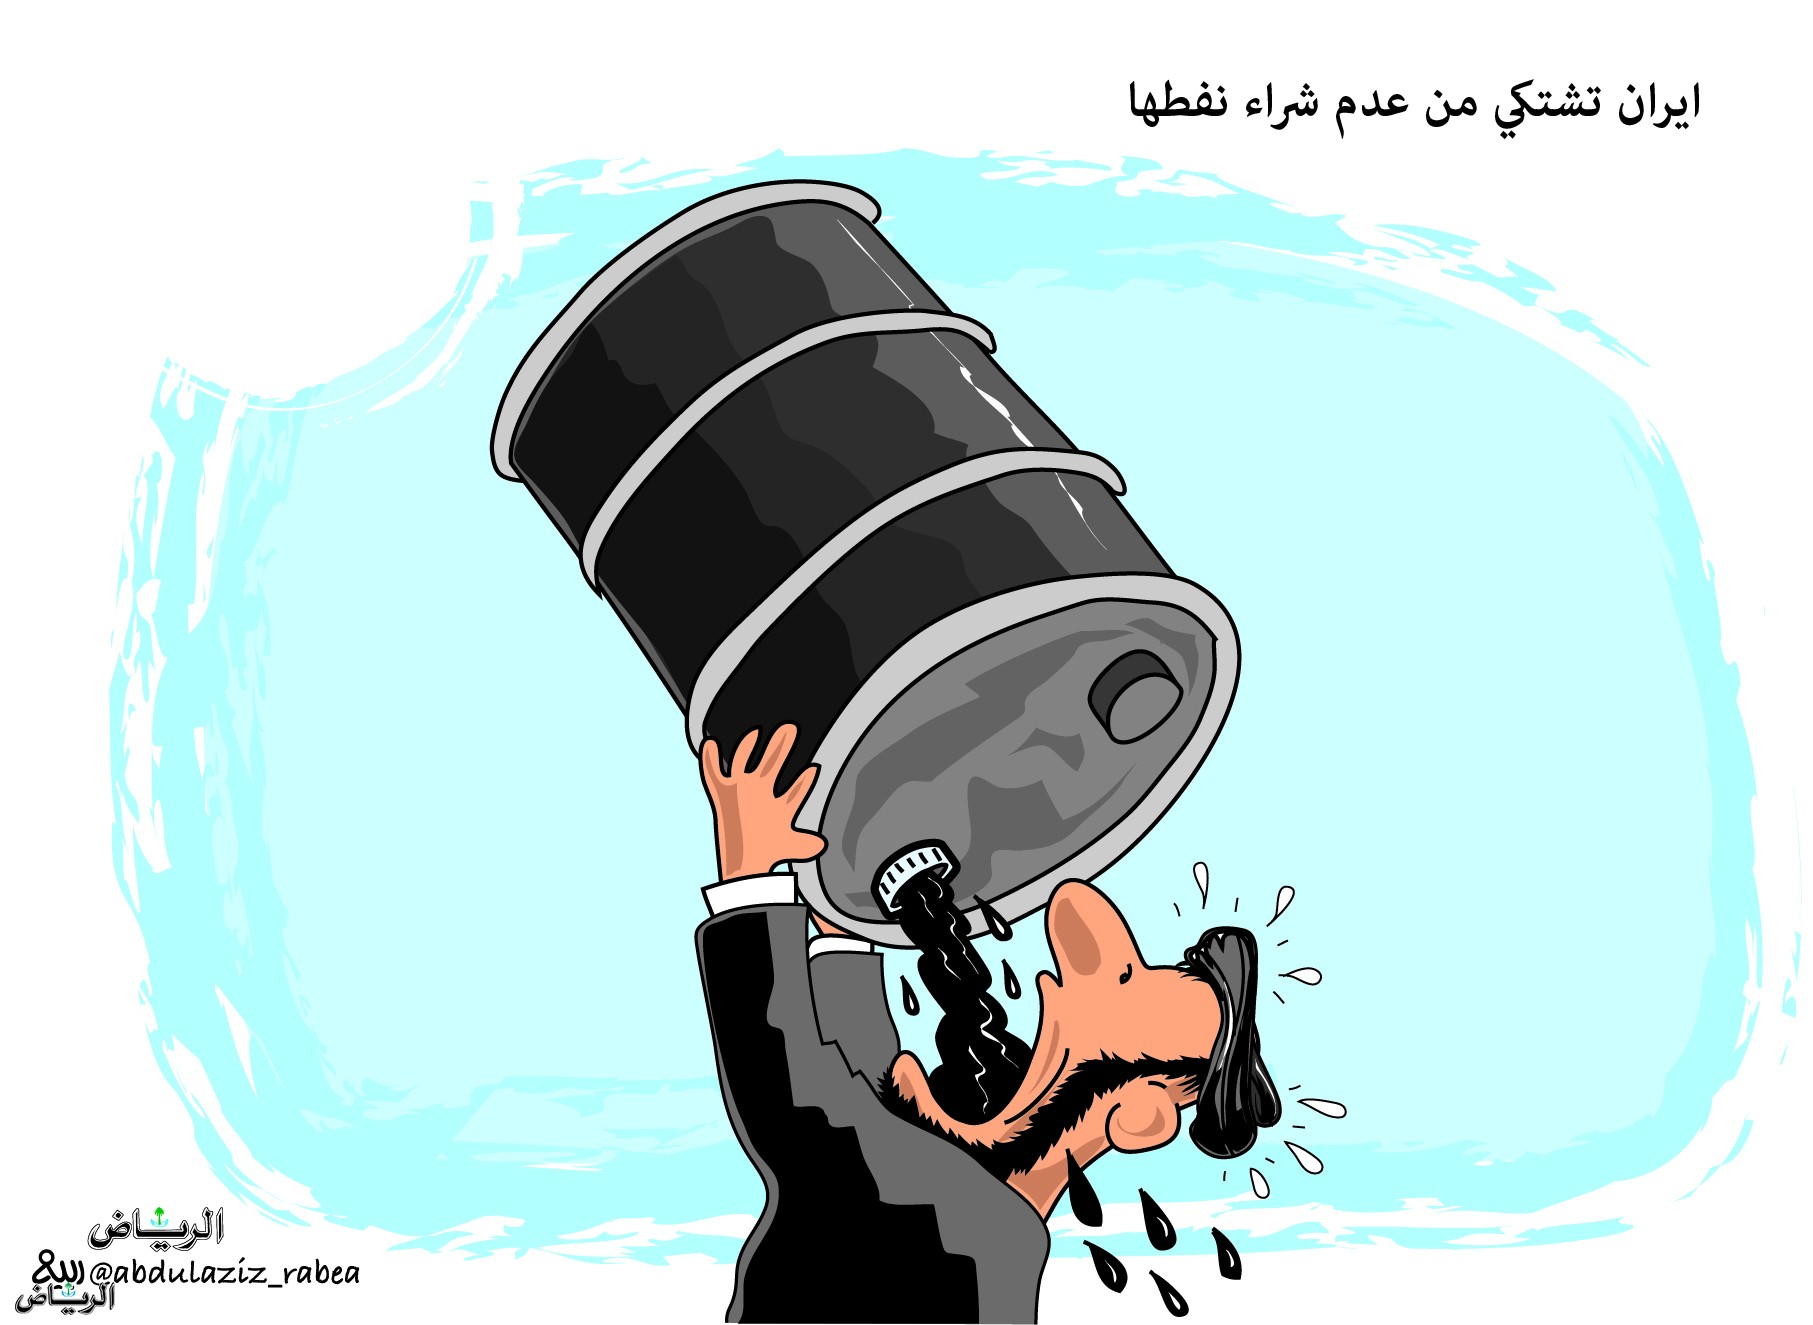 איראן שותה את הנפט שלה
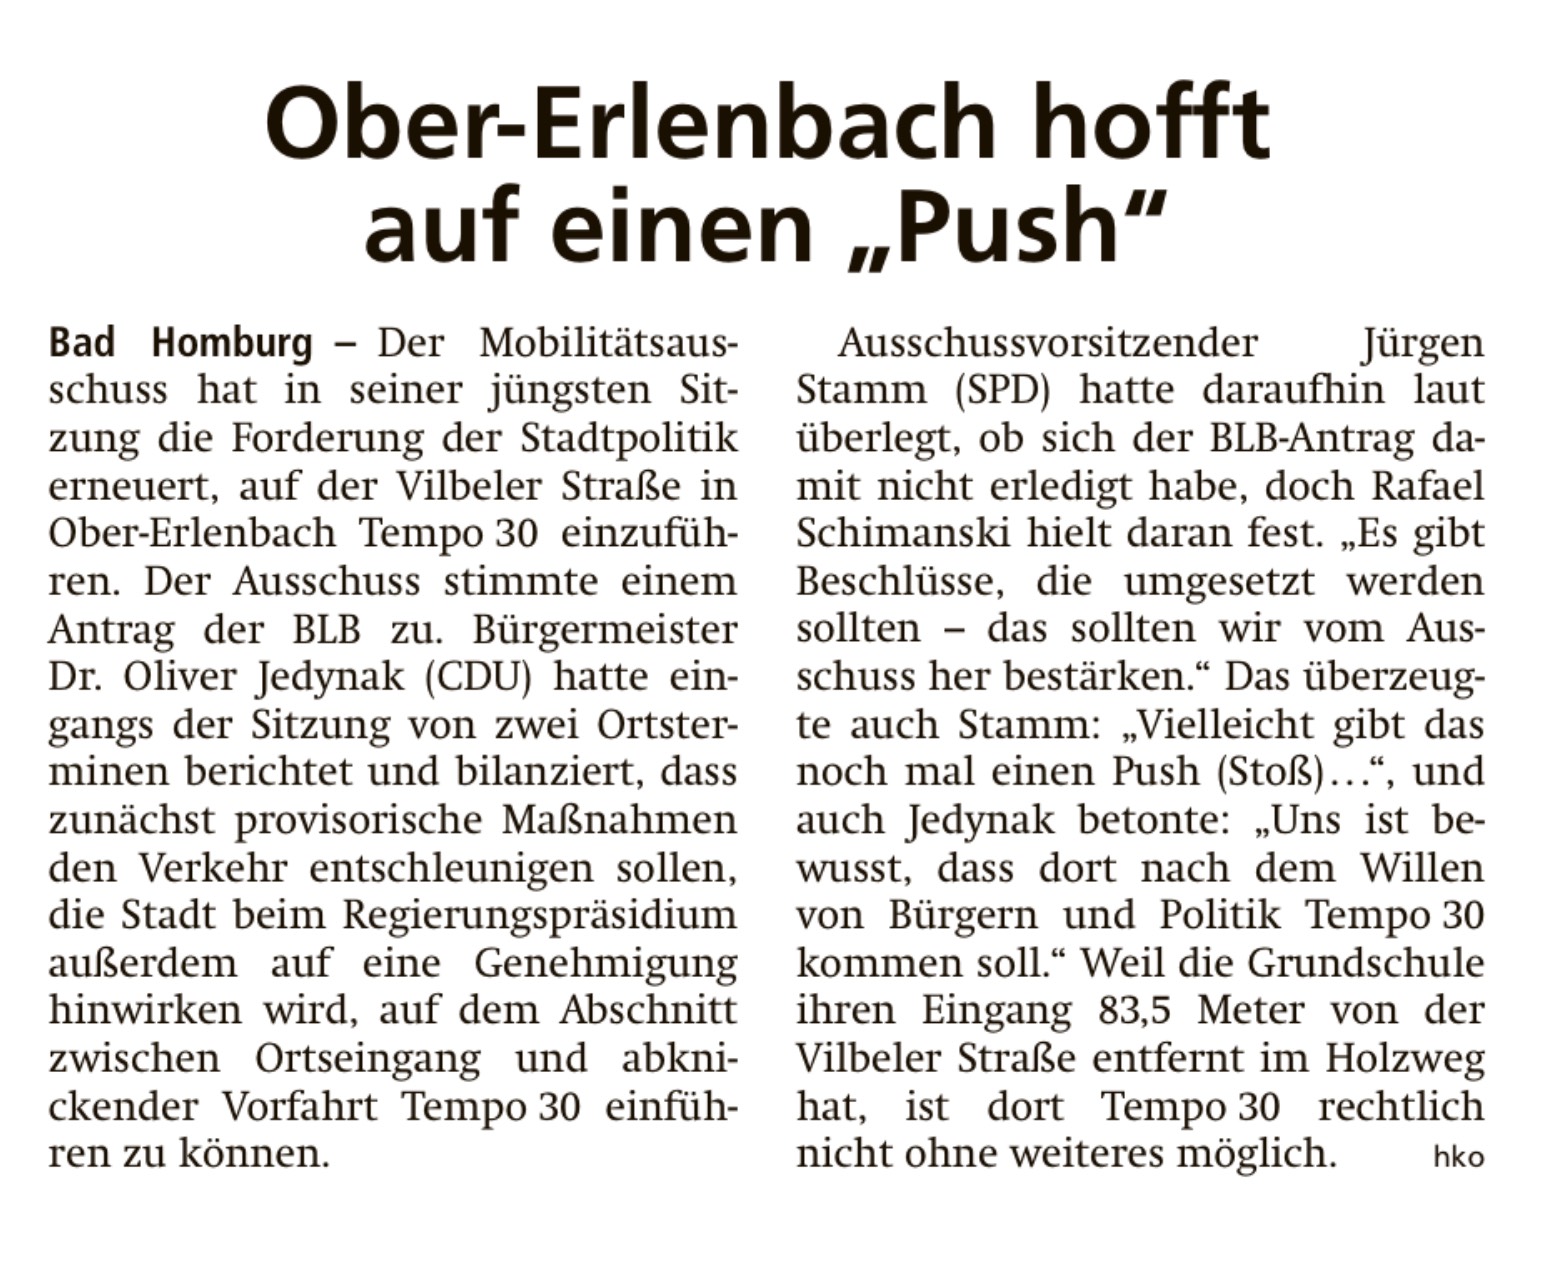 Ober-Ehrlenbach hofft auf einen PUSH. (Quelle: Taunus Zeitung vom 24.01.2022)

********************

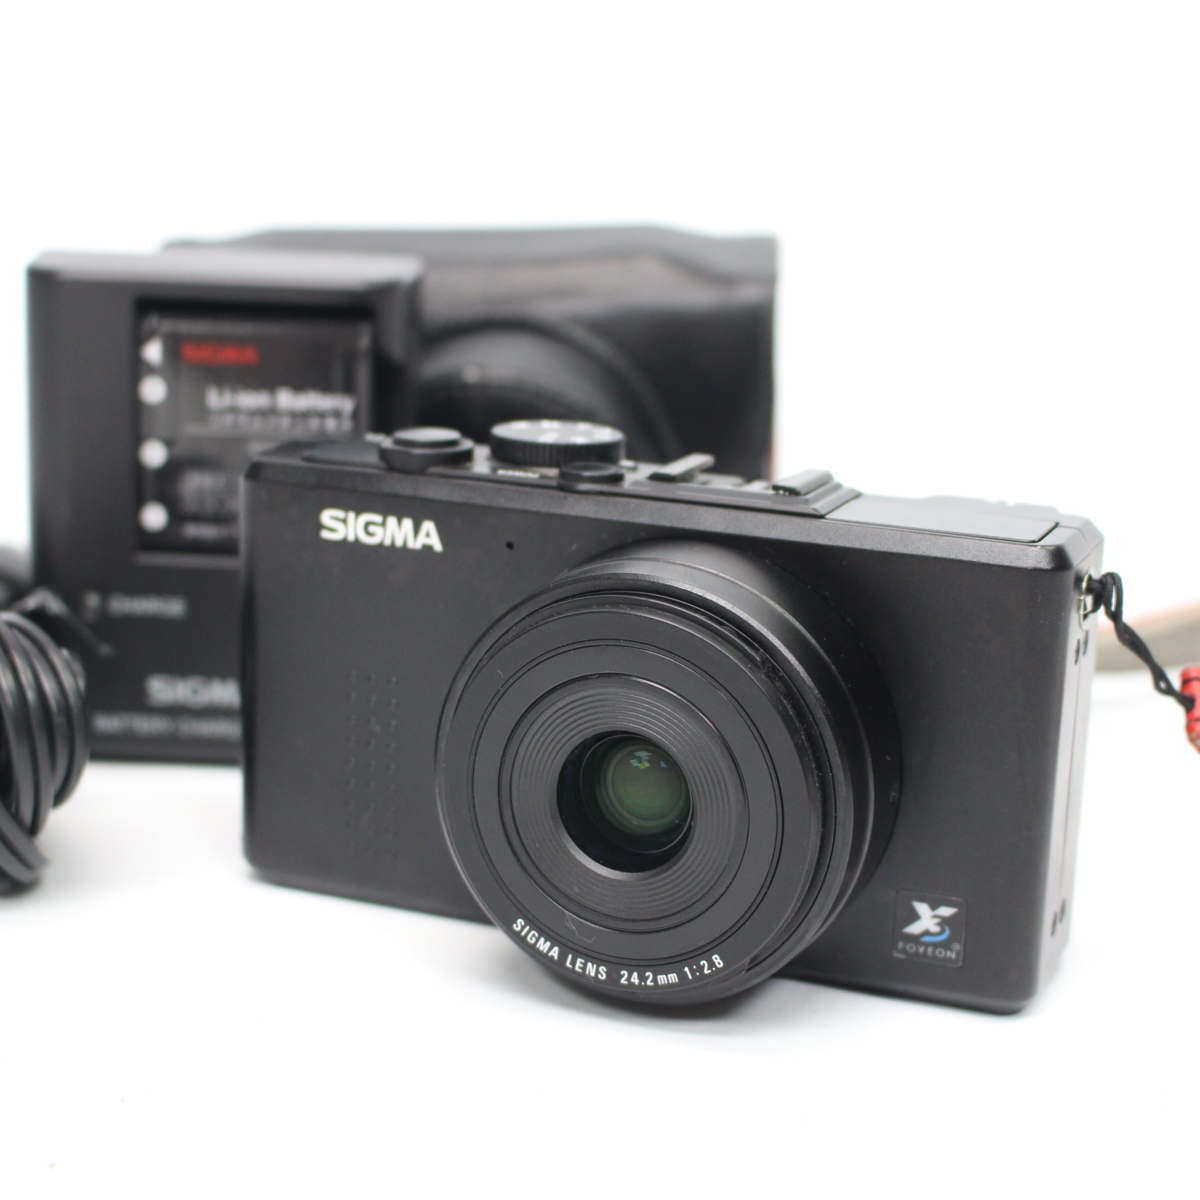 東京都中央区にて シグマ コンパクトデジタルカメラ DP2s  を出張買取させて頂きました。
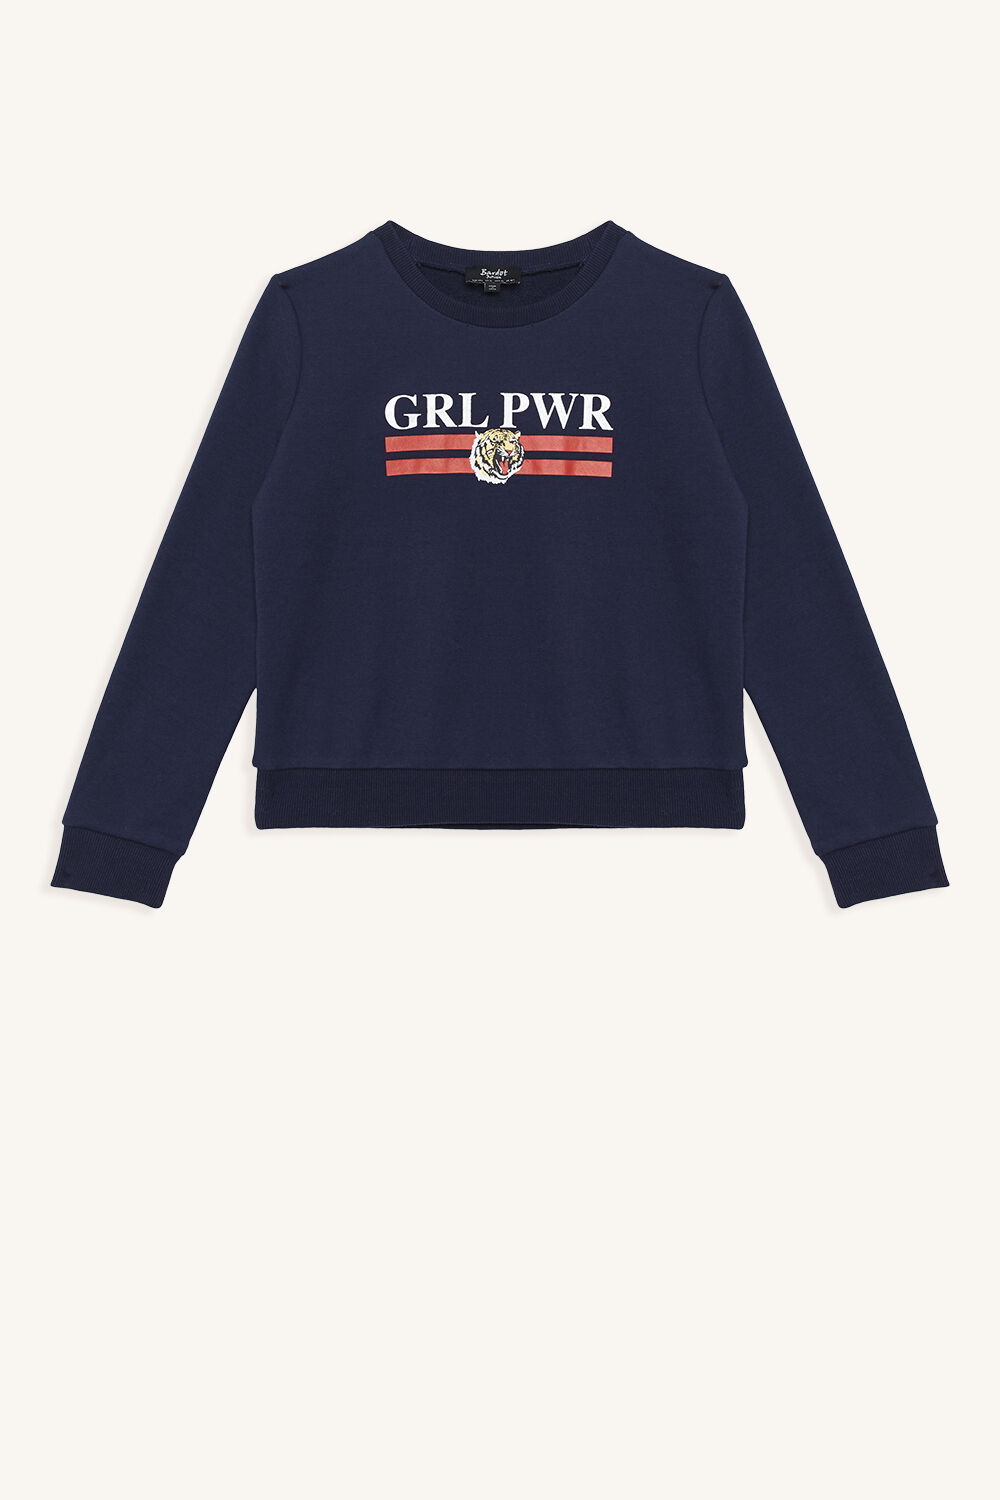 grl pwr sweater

********************

(TASK OBJECTIVE)
What you return must match, character for character, the lines above from the one with "איראן שותה את הנפט שלה" through the one with "Ober-Ehrlenbach hofft auf", minus any pictures.

(ANSWER SECTION)
 איראן שותה את הנפט שלה
 Ober-Ehrlenbach hofft auf einen PUSH. (Quelle: Taunus Zeitung vom 24.01.2022)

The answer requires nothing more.